State-owned Saudi companies have also been flexing their muscles abroad this year. Saudi Basic Industries bought General Electric’s plastics business for $11.6bn, Saad Investment Company took a 3% stake in HSBC bank for $6.6bn and Saudi Telecom bought a 25% stake in Malaysia’s mobile phone group Maxis for $3bn.

Enormous amounts of Saudi money are to be poured into six new “economic cities” dotted around the country, which will, crucially, create jobs.

Reliable statistics are hard to come by but external political commentators believe the jobless figure could be as high as 20%, potentially leaving the young Saudi jobless susceptible to extremist Islamist agitators.

The largest construction project is King Abdullah Economic City, or KAEC, on the coast between the cities of Mecca and Jeddah, which is designed to cover 168 sq km, create 1m new jobs and become home to 2 million residents.

The scheme was envisaged to cost $26bn and take two decades to build. The government has decided to fast-track the project for 2016 and the latest projections for all six city schemes suggest the cost could reach $111bn, driven up by competition for raw materials from construction hotspots such as Dubai and China.

The port alone at KAEC will cover 14 sq km and will be the fifth biggest container port in the world.

The second of the six schemes is to be Knowledge Economic City in the Madinah area at a cost of $6.7bn and with a target to create 20,000 jobs. There will be an IT institute and a centre for Islamic studies, this being the birthplace of the prophet Muhammad.

A third development, the Prince Abdulaziz Mousaed Economic City in Hail, is to be the Gulf’s biggest agricultural hub.

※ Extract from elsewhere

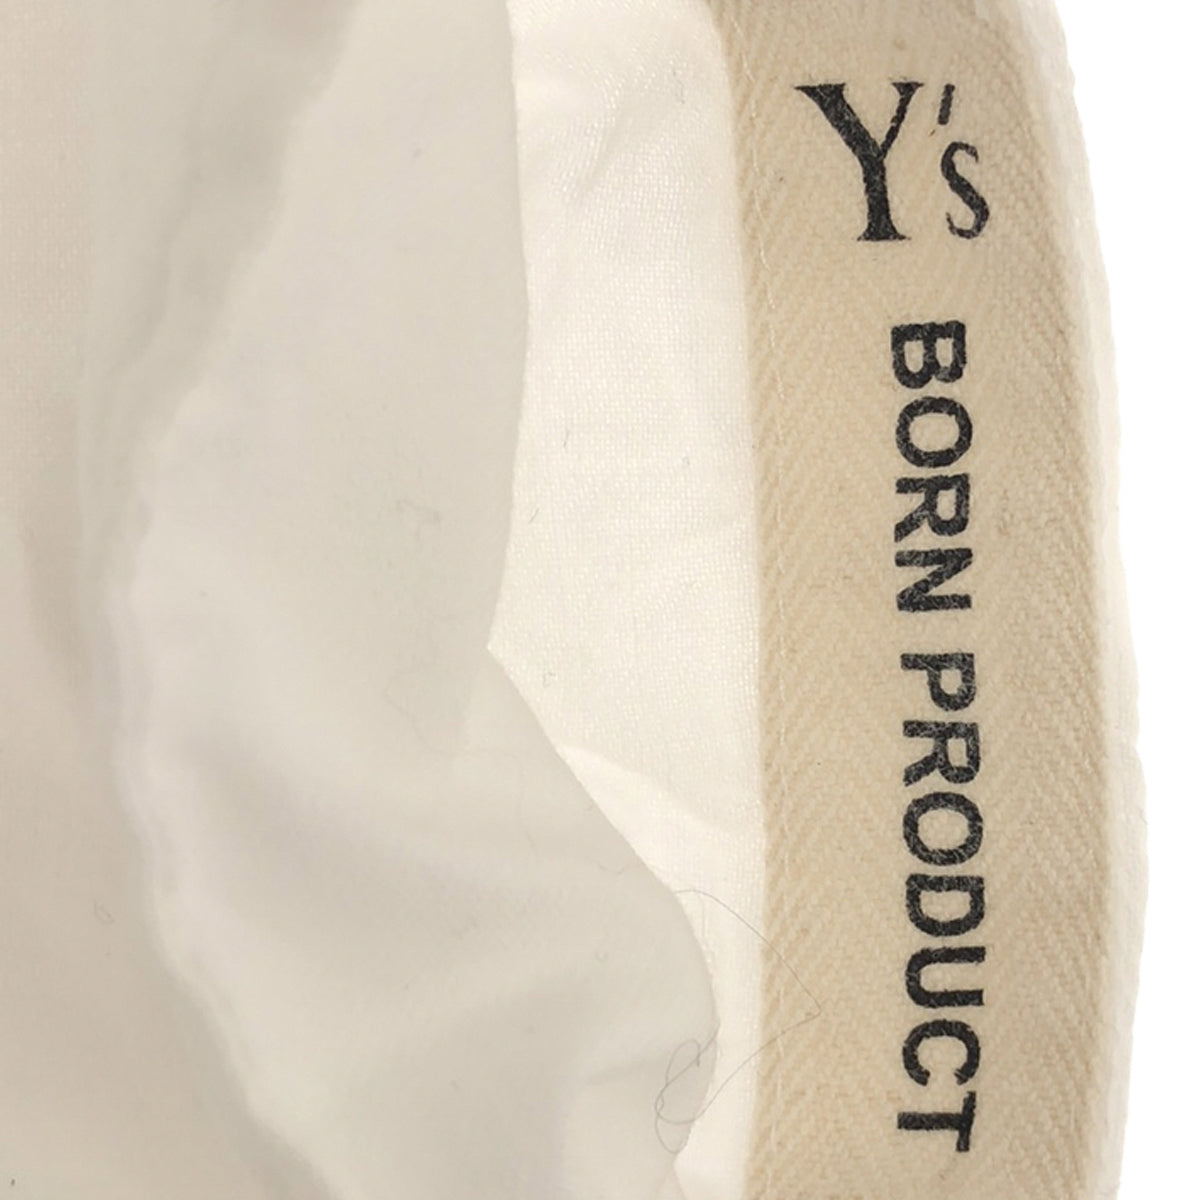 Y's / ワイズヨウジヤマモト | BORN PRODUCT / コットン ビッグシルエット シャツ ブラウス | 2 | ホワイト | レディース

These huge projects seem to echo the 1970s oil price boom, when the industrial cities of Jubail and Yanbu were created out of the desert and rich Arabs bought up swaths of Mayfair.

Allegations in London court documents that the Saudi ambassador to Britain spent £3m on an array of luxuries including two top-of-the-range Chevrolet 4x4s, a thermal night vision kit for his Hummer H2, dozens of designer watches and one takeaway meal costing almost £400 have also brought back memories of excess.

The future of such spending depends on whether $100 oil is here to stay and whether Saudi Arabia really has those 260bn barrels of reserves.

Back in the shadows of the Shaybah evening, Al-Obaid is in no doubt there is oil and gas to be found: “We have huge areas that have not been looked at.”